Liability is based upon the facts that the employer knew or should have known that hiring the employee created a particular risk or hazard and that particular harm materializes. [Citation omitted.]” (Doe v. Capital Cities (1996) 50 Cal.App.4th 1038, 1054.)

 

“It is often said that leave to amend a complaint should be liberally granted, particularly with respect to a party’s initial complaint.” (City of Torrance v. Southern California Edison Company (2021) 61 Cal.App.5th 1071, 1091.) “The policy favoring amendment is so strong that it is a rare case in which denial of leave to amend can be justified.” (City of Torrance v. Southern California Edison Company (2021) 61 Cal.App.5th 1071, 1091 citing Howard v.

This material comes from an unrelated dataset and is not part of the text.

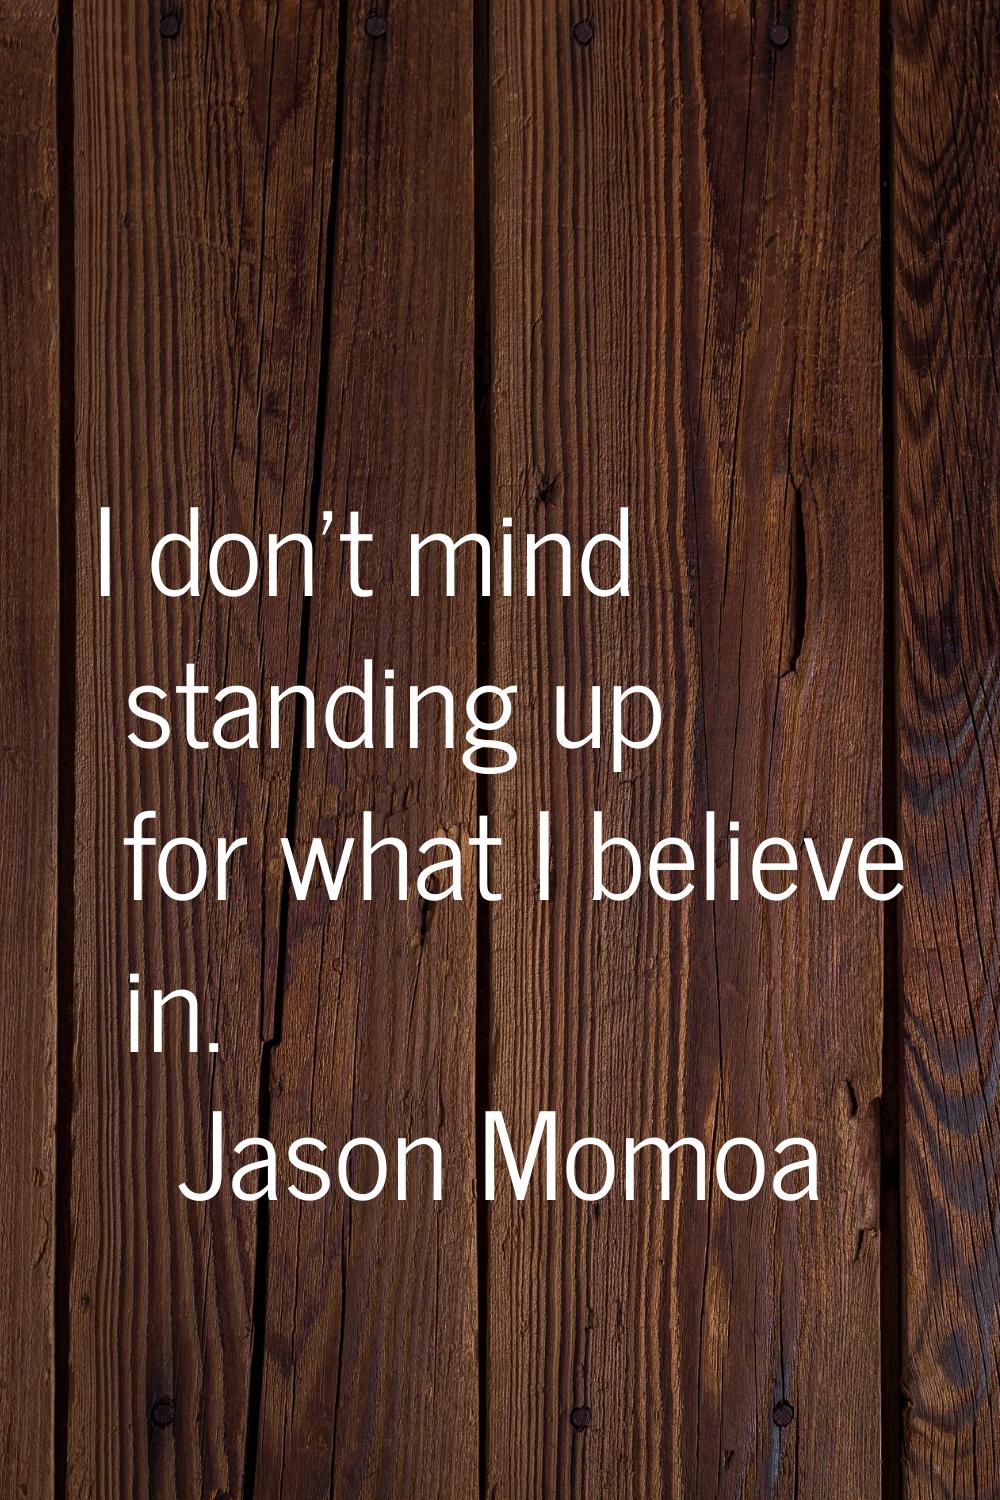 I don't mind standing up for what I believe in.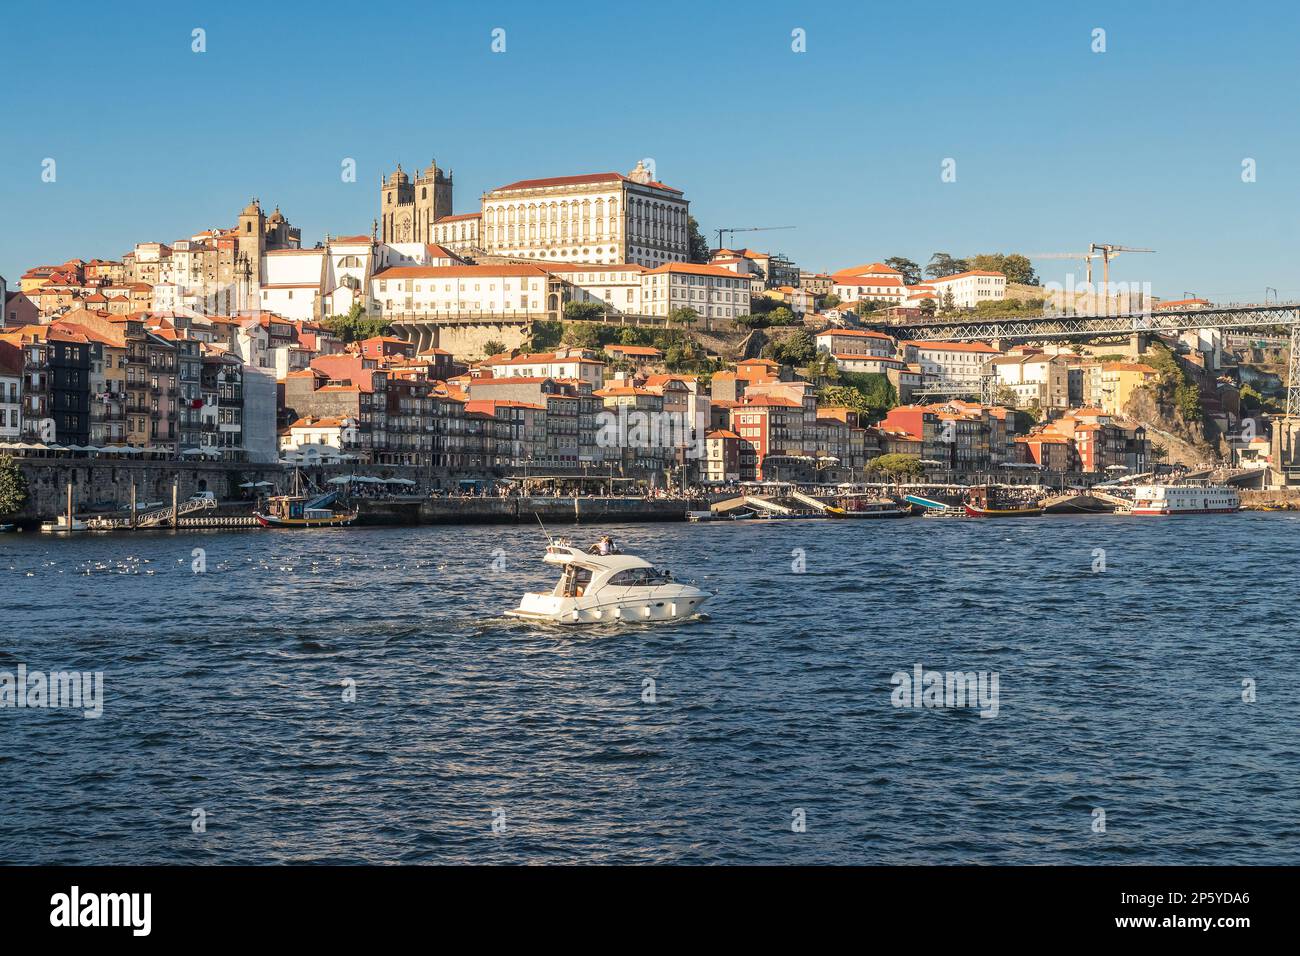 View over Porto from Vila Nova de Gaia, with the Douro River in the foreground and the riverside pier, the houses and the Cathedral in the background, Stock Photo

County of San Diego (2010) 184 Cal.App.4th 1422, 1428.) “If there is any reasonable possibility that plaintiff can state a good cause of action, it is error and an abuse of discretion to sustain the demurrer without leave to amend.” (City of Torrance v. Southern California Edison Company (2021) 61 Cal.App.5th 1071, 1091 citing Campaign for Quality Education v. State of California (2016) 246 Cal.App.4th 896, 904.)

 

Here, it appears as if Plaintiff could cure the defects by alleging that the particular harm that materialized was the particular risk that employer knew or should have known about.

 

JBBBS’s demurrer to the fifth cause of action in the FAC is SUSTAINED WITH LEAVE TO AMEND GRANTED.  Plaintiff will have 20 days from this order to file and serve a second amended complaint.